This month’s little big mood: Thinking About Unexpectedness

One gift my new friend, Nahid, has given me is a renewed appreciation for the card game Solitaire. When I arrive mid-mornings to visit, she is upstairs playing the game on her computer. “My son set this up for me,” Nahid says. I sit beside her and watch. She is quiet. Determined. Patient. When her game is finished, she closes down the computer, tells me how many games she’s won since I last saw her and then we walk downstairs to the kitchen for tea. 

Nahid is 95 years old. She arrived in Colorado more than seventy years ago soon after her wedding in Teheran, Iran. In Colorado, she raised two children, built community and accepted that returning to her family in Teheran would not be possible. Today, after a long marriage, many friends, grandchildren and years of caring for her husband, Hassan, she lives by herself.

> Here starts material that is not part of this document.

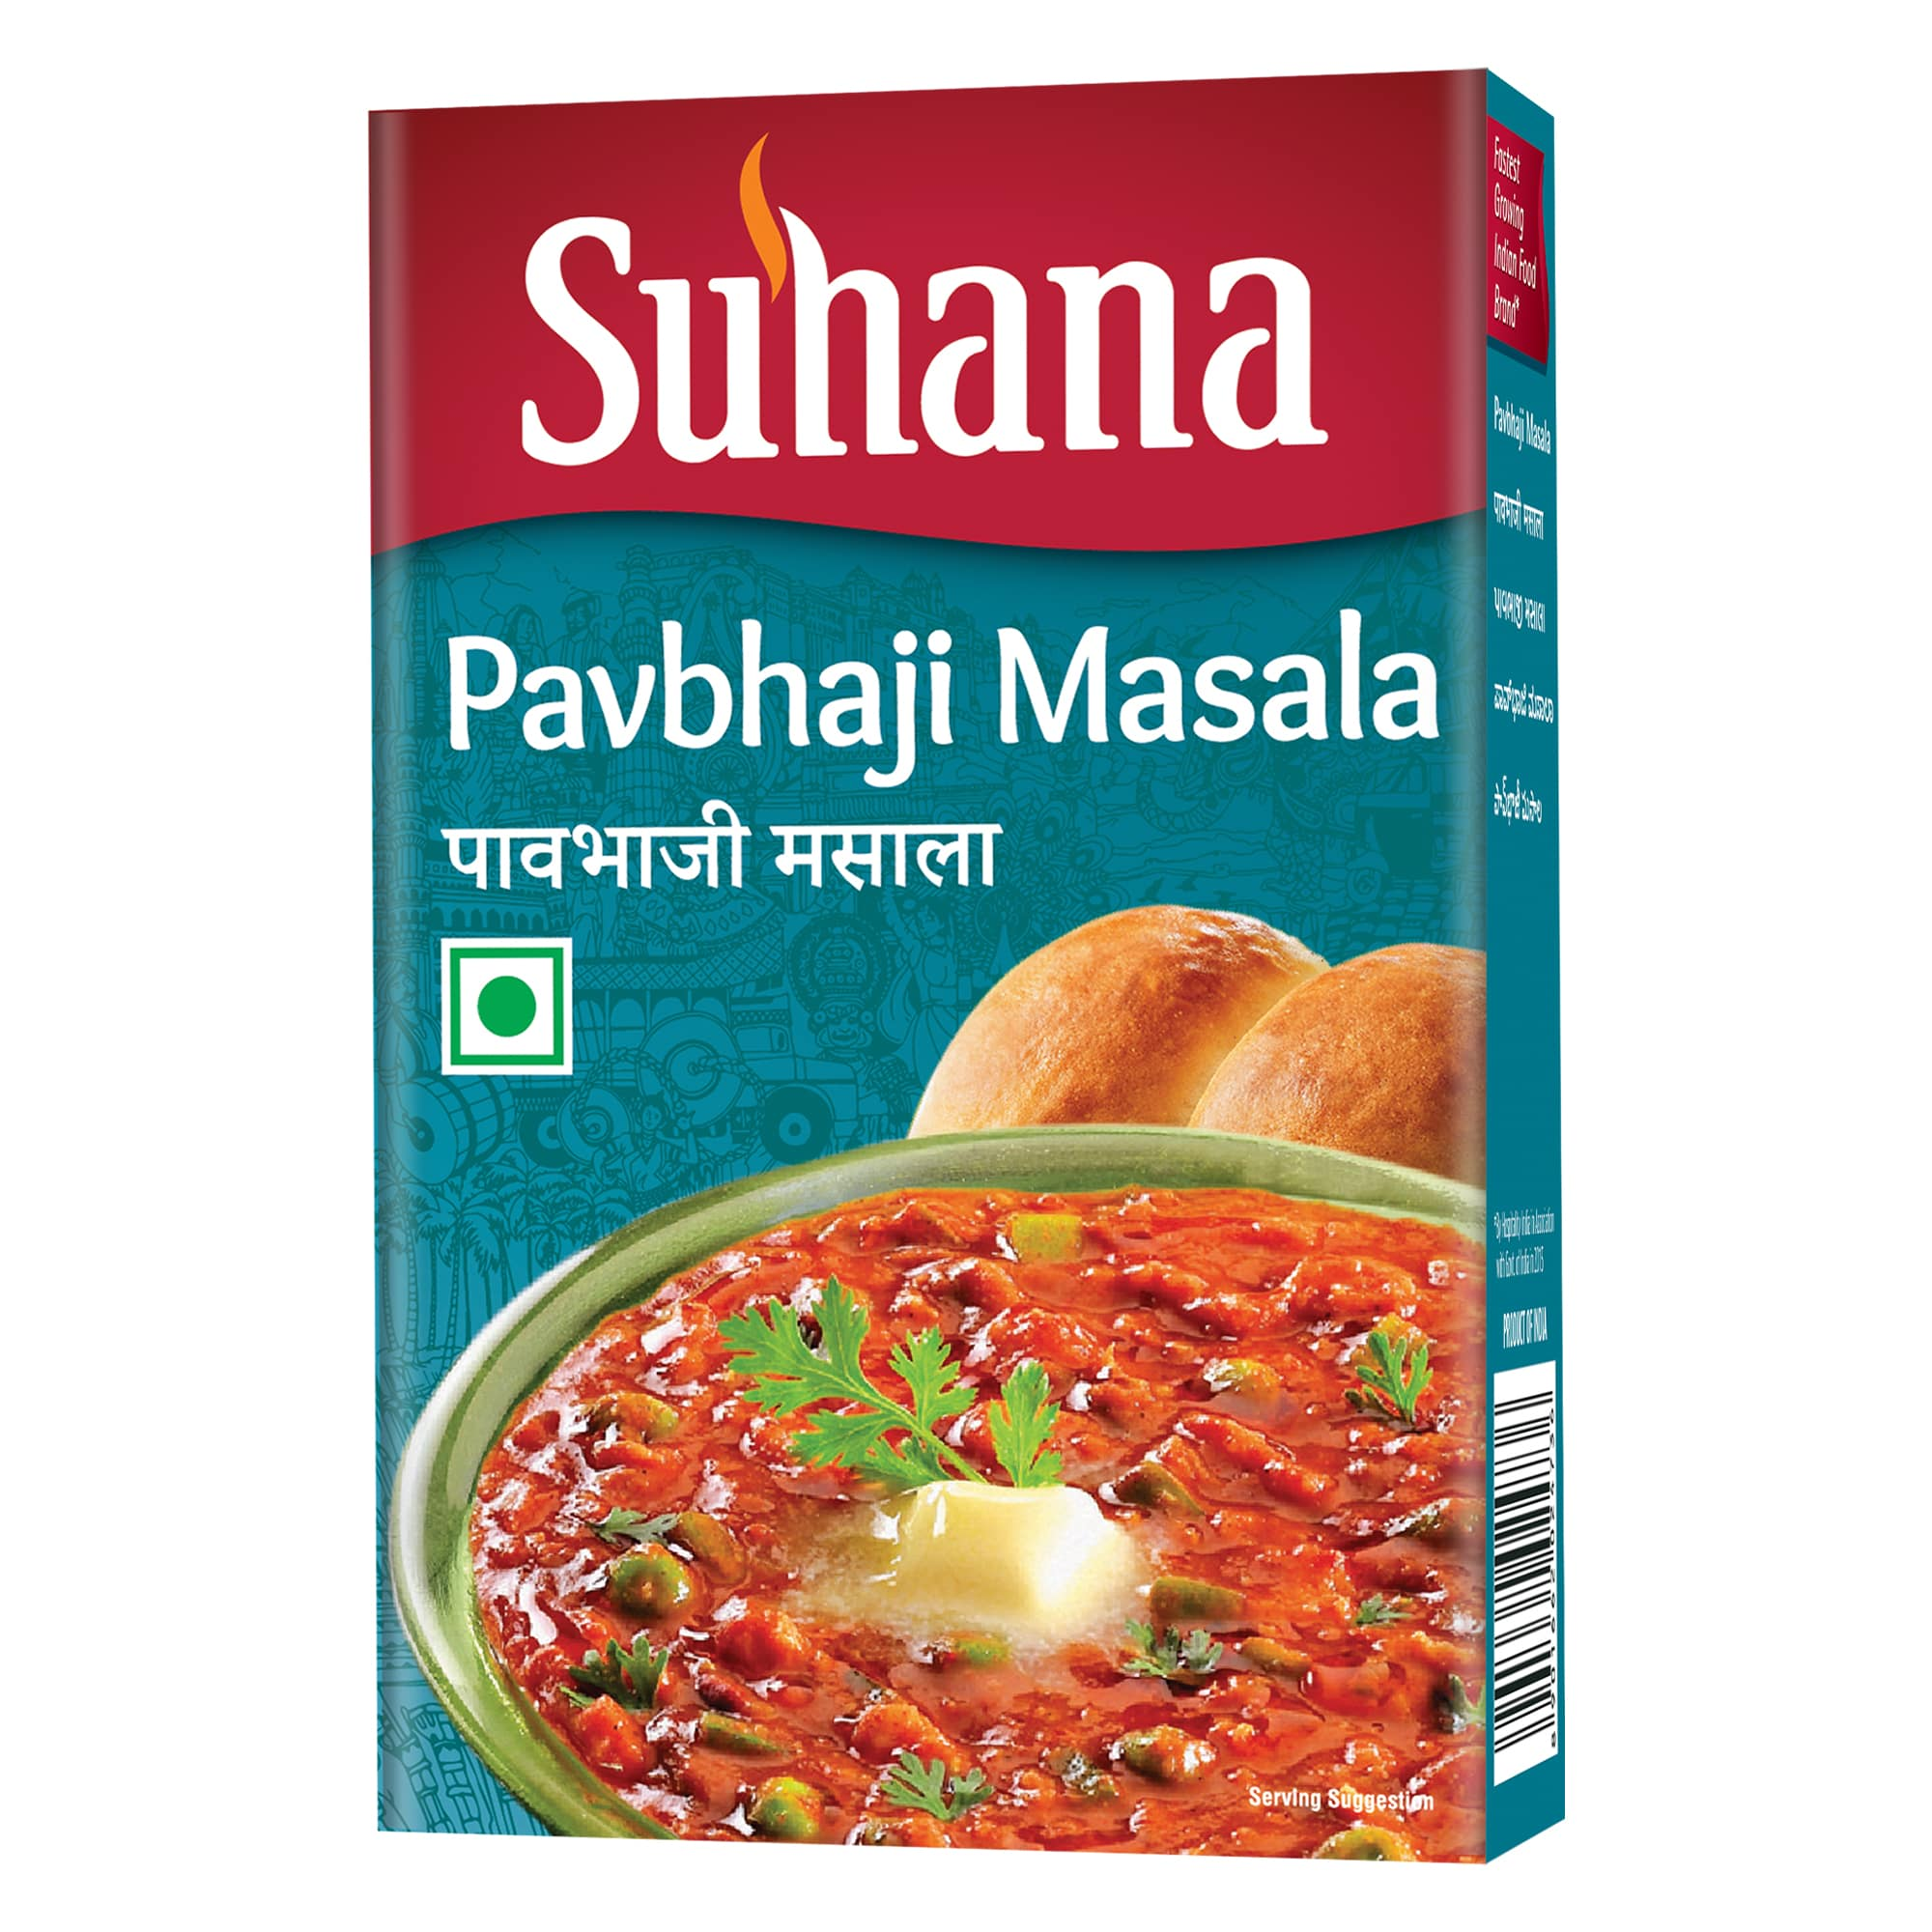 Suhana Pavbhaji Masala

She told me that she never played solitaire before, until now. From what I can tell, she has become very good at the game. One day when I arrived for a visit, she told me she played for four hours that day. She smiled triumphantly and said, “I won a lot of games today.” 

“What’s your solitaire strategy?” I ask Nahid as she pours tea for me and pushes the small plate of cookies to my side of the table. 

“I don’t think I have a strategy,” she says. “I just keep playing, keep starting again.”

Starting again is something I think Nahid knows very well. She has lived her life with courage, hardiness, and commitment to each day. How she plays this solitary card game at this time in her life is inspiring. She reminds me of the energy of resilience. I think about how outcomes to choices I make do not always come immediately; sometimes outcomes to choices come eventually and in unexpected ways. I just have to keep trying, make it fun. Though I may know what the cards are, it’s okay to not know how they are going to come up. Like playing solitaire. 

Happy spring and happy unexpectedness!